Лотти исполняла ведущие партии в балете, но именно герцог два года назад представил ее наиболее важной публике. Она купалась в славе благодаря вниманию герцога.
Когда Лотти надоела герцогу, ей легко было найти других покровителей, но, к несчастью, она не могла забыть Мелкомба и не переставала сожалеть, что не смогла удержать его. Хотя он и не был первым мужчиной в ее жизни, временами она боялась, что он станет последним, имеющим для нее значение. В нем было что-то, что делало остальных поклонников незначительными. Впервые в жизни сердце управляло ее головой, и она знала, что готова на любые жертвы и отдала бы все, что имела, за один только взгляд герцога.
Ее покровителем теперь стал пожилой пэр, владевший поместьем на севере, которое в данный момент потребовало его внимания. Сердце Лотти затрепетало, когда она получила от герцога приглашение на обед. Последние несколько дней она обходила всех модных гадалок. Она потратила немалые суммы, чтобы призвать удачу, и в сердце ее теплилась надежда, что герцог снова захочет ее и восстановит себя как ее покровитель.
Она хорошо знала, что соперница, новенькая в труппе, сидит напротив нее. Лотти не удивилась, увидев ее на обеде, потому что знала, что герцог, ценитель красоты, не сможет не заметить привлекательность Ориэль. Она только не думала, что обе они окажутся рядом с герцогом: она справа, Ориэль слева.

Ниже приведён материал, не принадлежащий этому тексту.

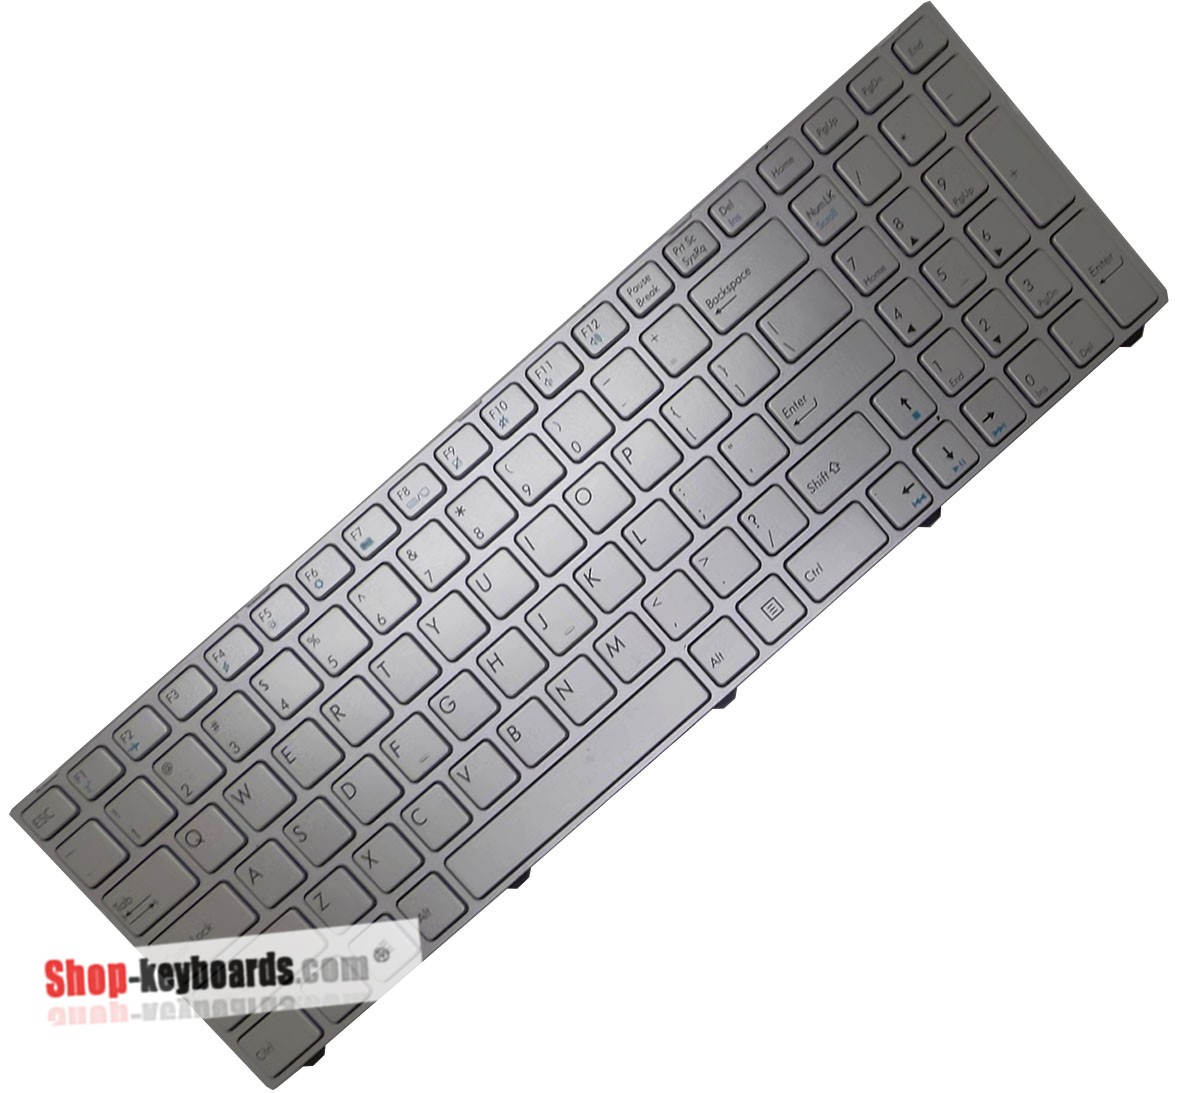 Medion Akoya E7423 Keyboard replacement
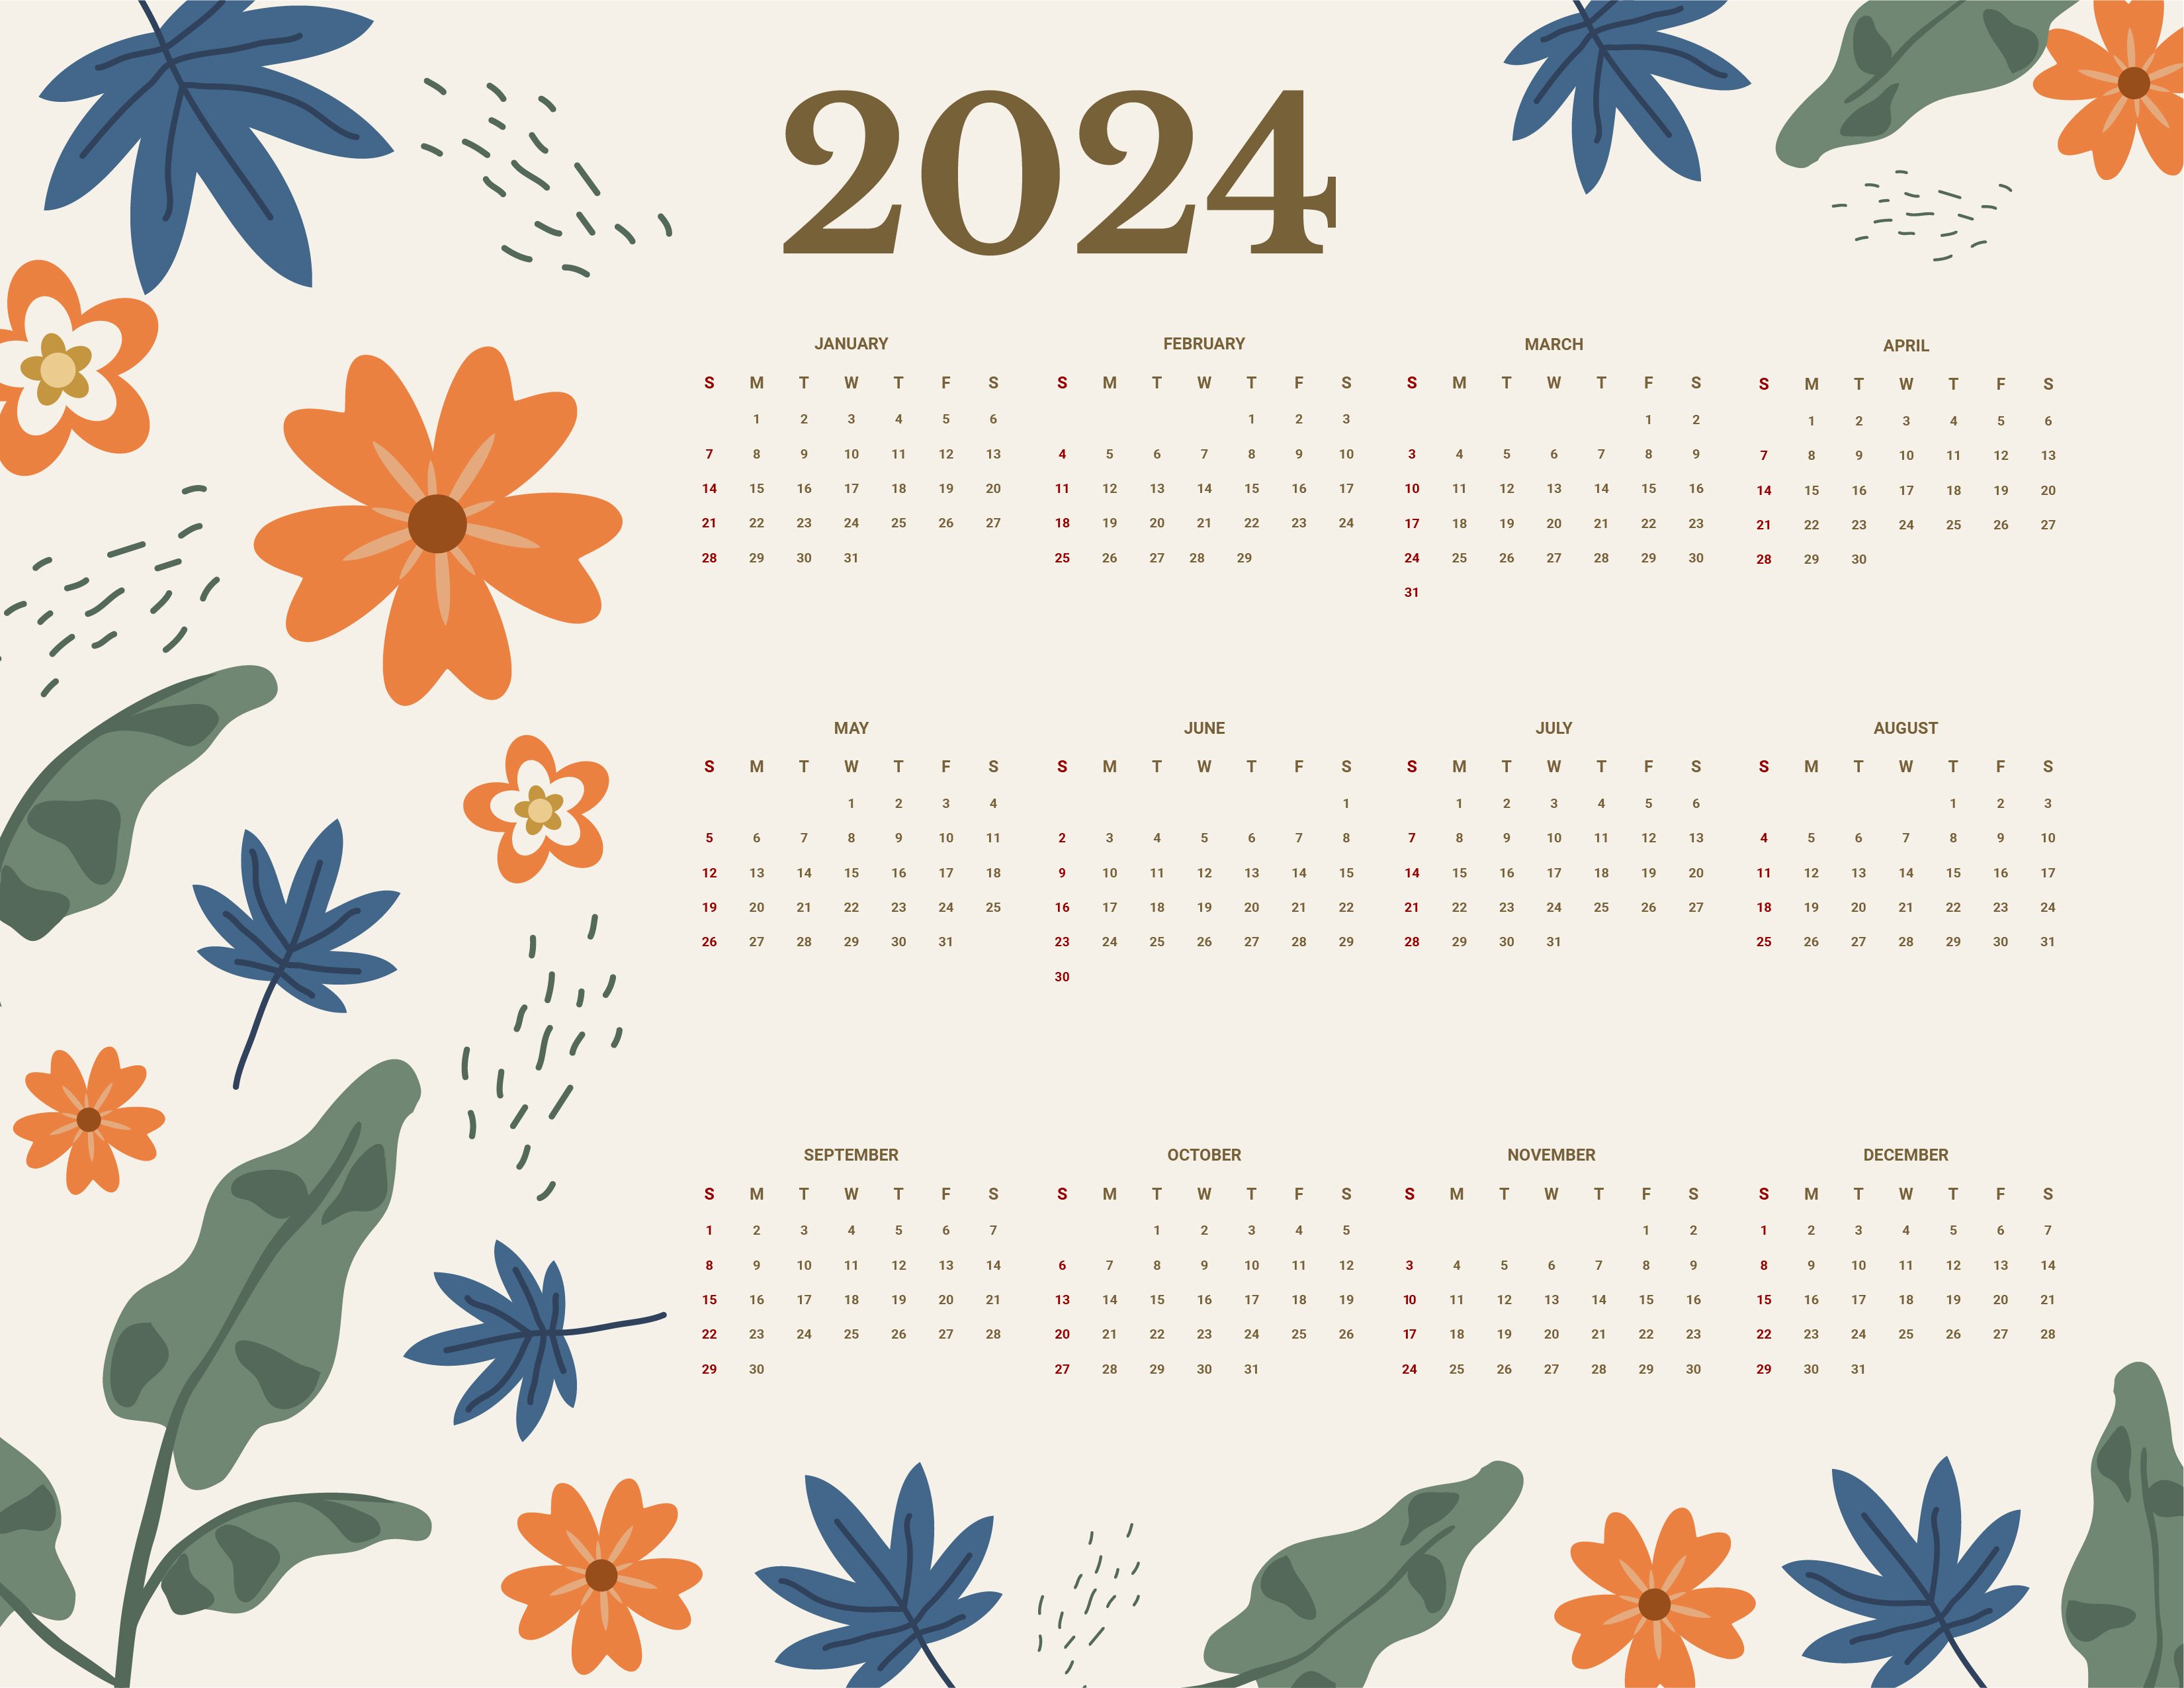 Floral Year 2024 Calendar Template 01

Ориэль была миниатюрной и напоминала птичку. Она еще не знала тех способов приманивания, которые характерны для всех девушек балета. Красота ее была несколько необычной: ее гладкая кожа цвета магнолии и глаза, похожие на миндалины, указывали на отдаленных китайских предков. Ее тело было таким хрупким и легким, что, когда она двигалась, казалось, она танцует.
Несколько джентльменов уже добивались благосклонности Ориэль, но она еще не решилась на выбор. Лотти, наблюдая за ней, знала, что стоит герцогу поманить пальцем, как выбор будет сделан. Лотти старалась всячески привлечь внимание герцога, но, хотя он смеялся ее шуткам, глаза его не отрывались от белых плеч Ориэль.
Девушка тоже понимала это и придвинулась ближе к герцогу, наклонившись так, что низкий корсаж оливково-зеленого платья позволял видеть все очарование ее кожи.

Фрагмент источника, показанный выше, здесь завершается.